There is some thing between us that is both much smaller and much more vast than negative particles. Distance seems too limiting a description, and yet it fails to convey the mind-boggling expanse. I am trying to wrestle with this paradox and I am losing. I'm not sure I would want to win if I could.

I often struggle to find meaning in a holiday season so entangled with consumerism, and so it is almost by surprise that tomorrow is Christmas Eve. This year I think meaning has found me.

In my faith tradition, the accompanying story is one of displacement, hardship, and labor. An impoverished Jewish peasant couple scandalized by premarital pregnancy scour the periphery of the Roman Empire for a resting place, any place, to begin the hard work of bringing forth new life.

Babies are born every day, and it is never easy. But according to the story, something more was born in Judea that night. Wrapped in swaddling cloth was the wailing confession of the measurable and the ineffable.

We are not self-contained objects, isolated from one another. We are not far removed from reality. What has seemed so far has been revealed to have always been near. Love is born in that revelation, and love beckons to us who are far off -- we who feel hurt, rejected, withdrawn, and afraid.

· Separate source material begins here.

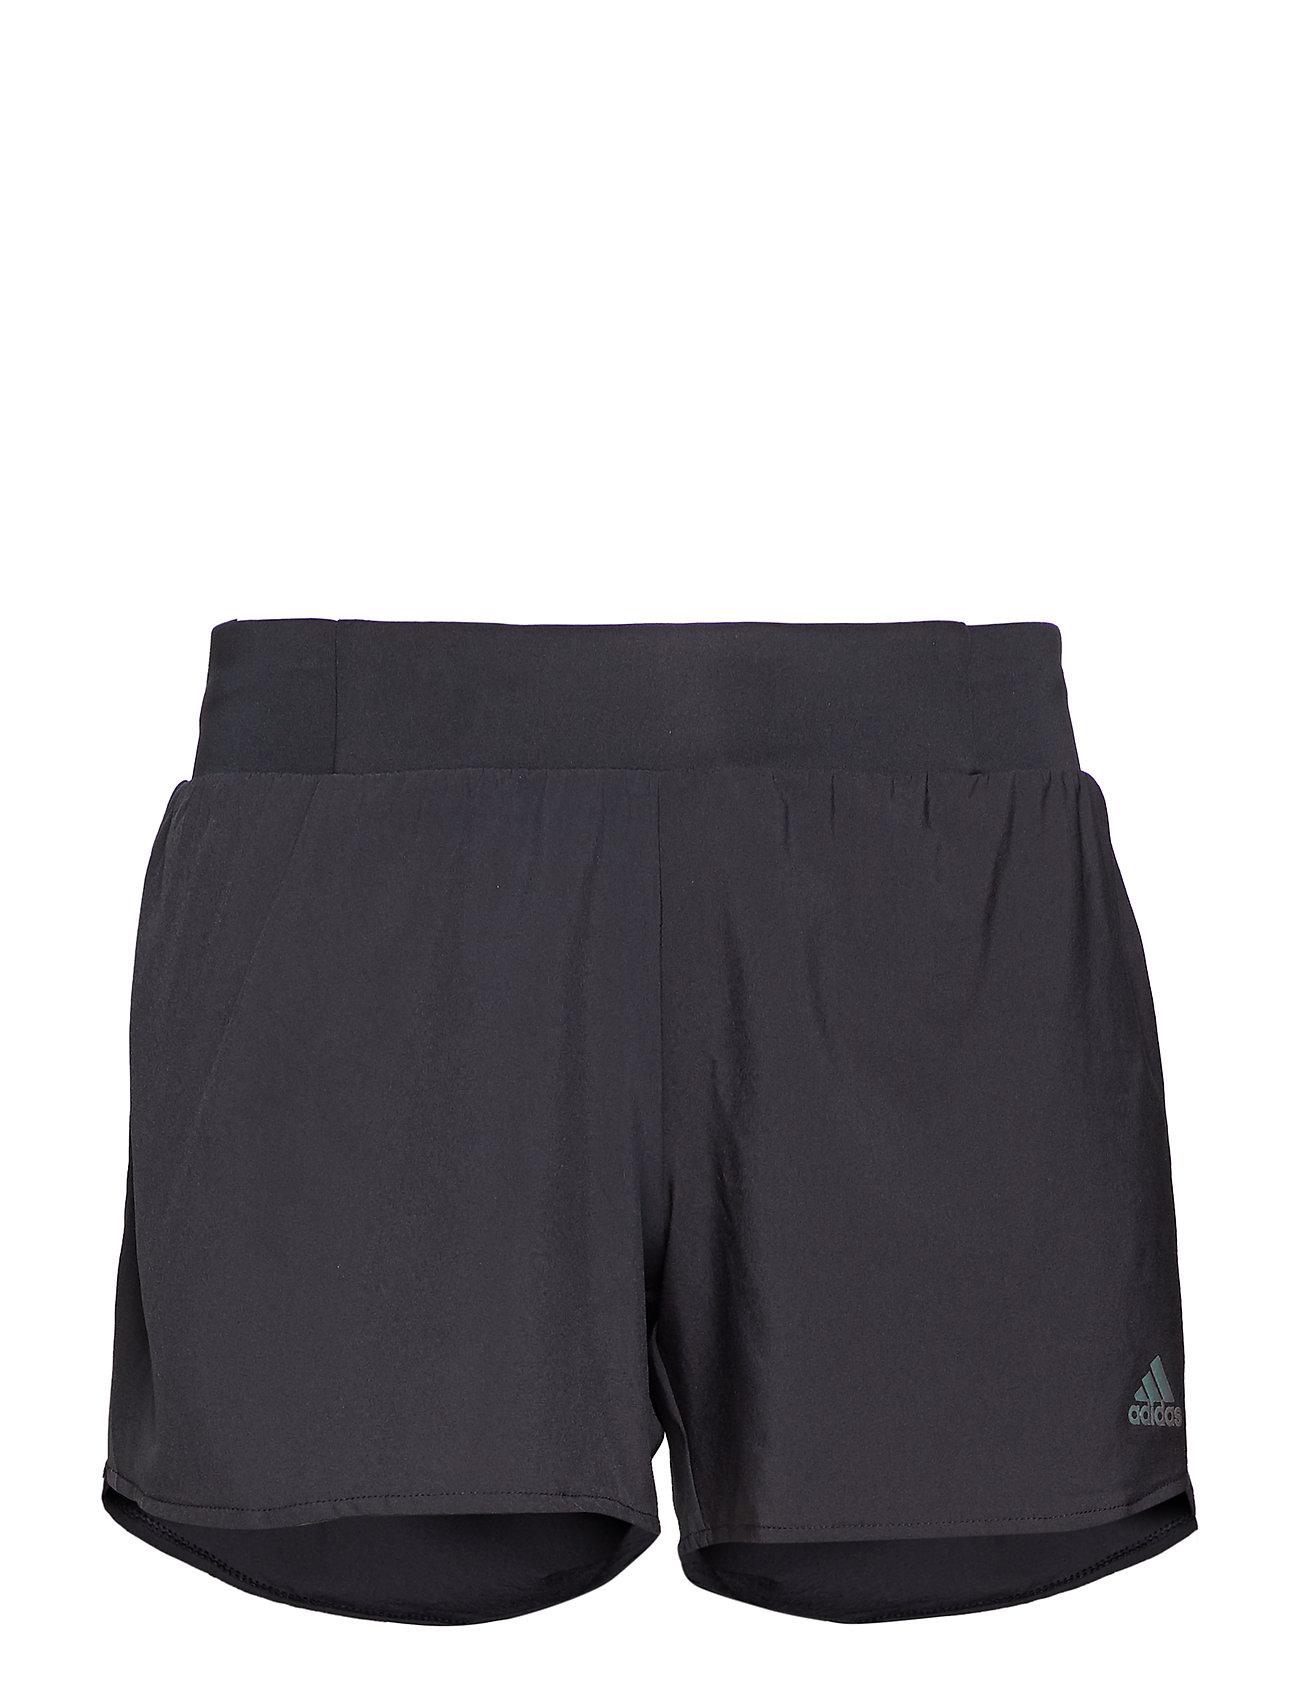 Adidas SATURDAY SHORT Shorts

To us love whispers, "Draw near."

Friday, December 5, 2008

The setting sun

I went on a short hike in Olympia with McHaley today. The trail wound down from a little parking lot just off the road to a rocky beach on the east side of a small cove along the Puget Sound. We were surrounded by lush vegetation and then all of a sudden - tada! Water. Beautiful water.

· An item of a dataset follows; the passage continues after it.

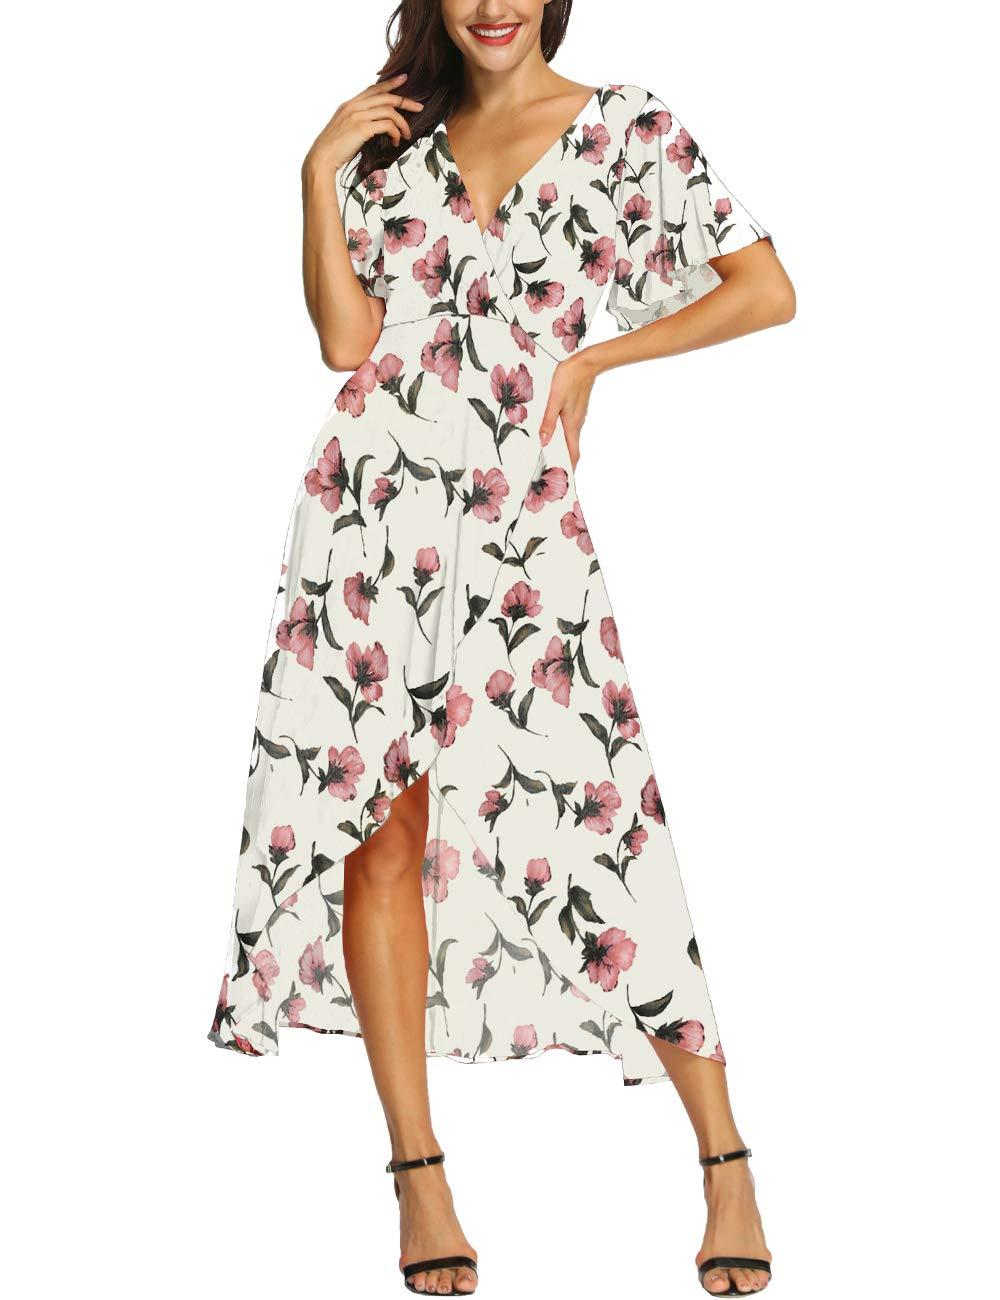 Azalosie Wrap Maxi Dress Short Sleeve V Buy Online In Bahamas At Desertcart

Looking to the right, the Olympic mountains loomed in the distance, craggy and snow stained. They do not tower, in the normal sense of the word, but their rugged indifference provokes a certain admiration. I love the Olympic mountains.

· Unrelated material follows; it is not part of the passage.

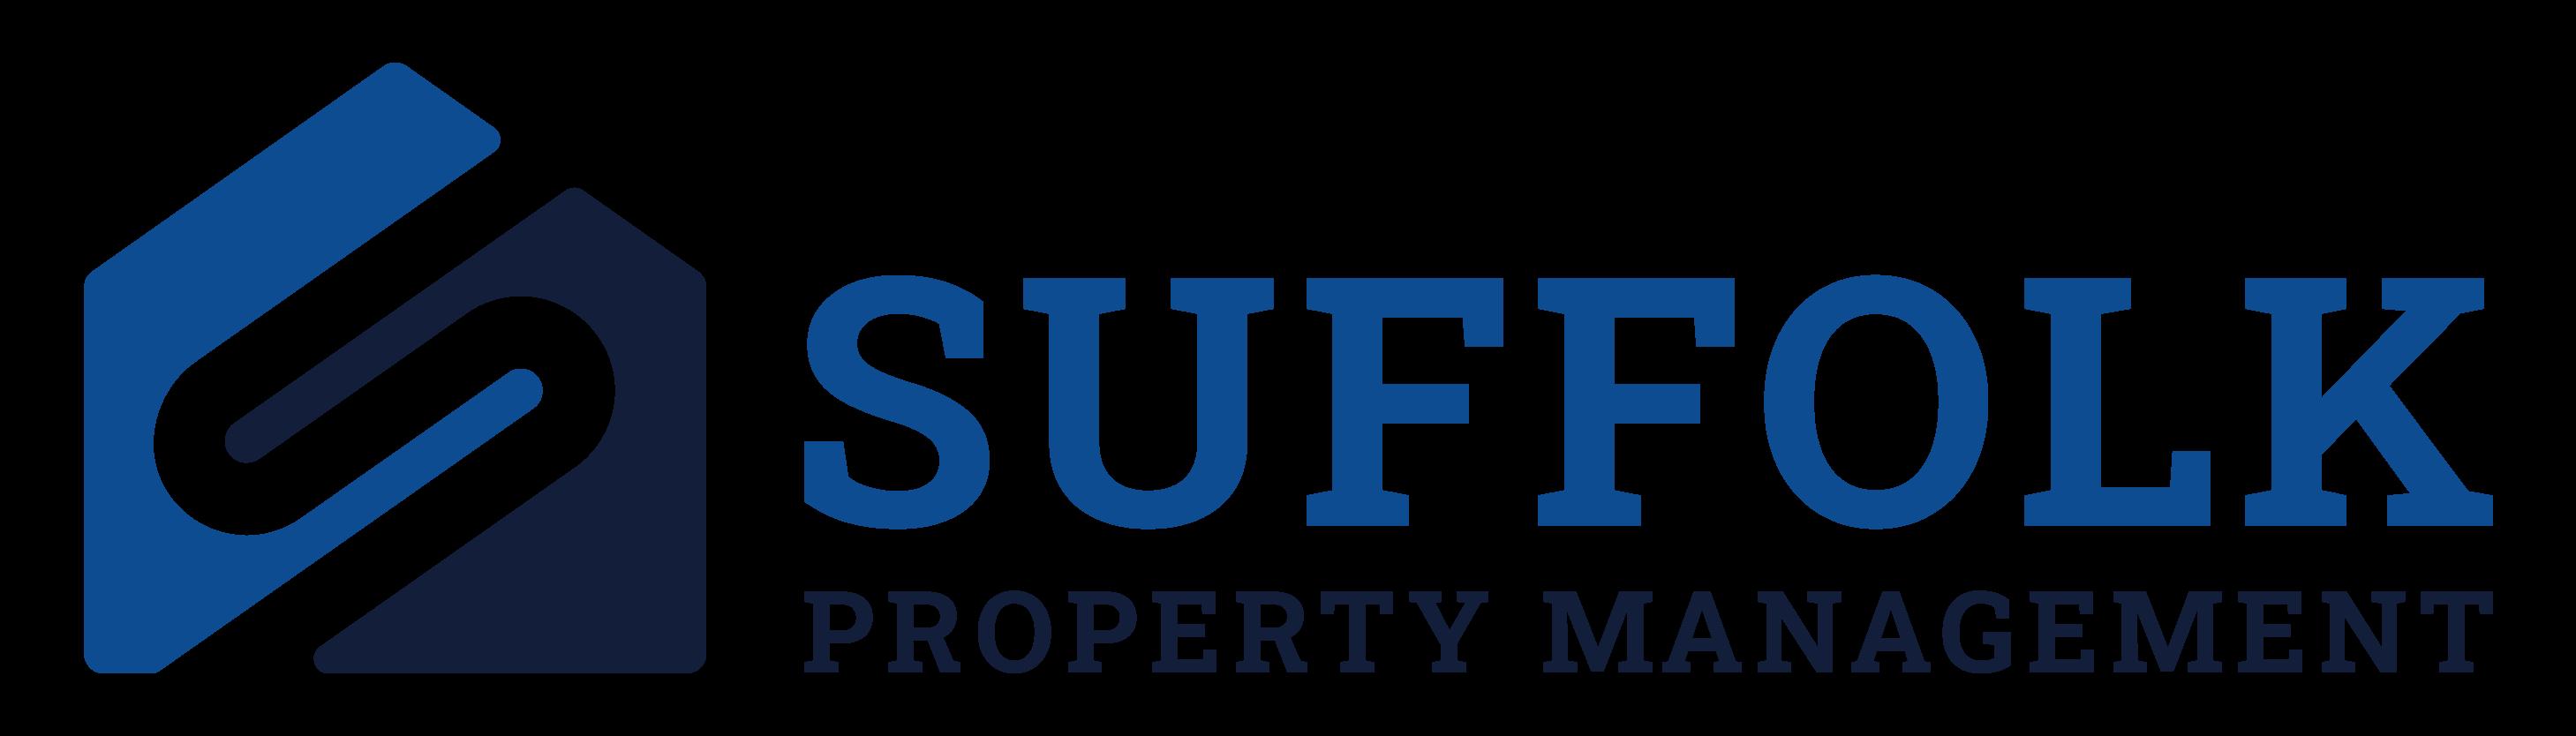 Suffolk Property Management

Looking to the left, the sun was slowly sinking beneath a thin clutch of wispy clouds, caressing the water with the subtlest hues of a sunset palette. Fire and water dancing beneath the wailing seagulls.

We talked about life--family; friends; places we've lived; places we'd like to live. We are kindred spirits of a sort, two wanderers learning in different ways how to make a home. It's not exactly a task with measurable goals. How do you even know when a place first feels like home? I imagine you just look up one day and realize this place feels just like that other place I called "home" did. Despite having no control over this process, it still feels like hard work.

As we talked, I watched the sun descend toward the hills with lazy confidence. I want that confidence. I want to live life with the steady rhythm of the sun rising and setting each day, no matter which place I am trying to call home.

I want to stop clutching at my increasingly outlandish notions of grandeur, as if the days were sand slipping unhindered through my hands.

See, I want to savor the feel of life flowing unfettered between my fingers, to let each grain tell its unique story until there is nothing left to hold.

Then I will stand at the water, gaze upon the mountains, and know the certainty of the sun in its setting.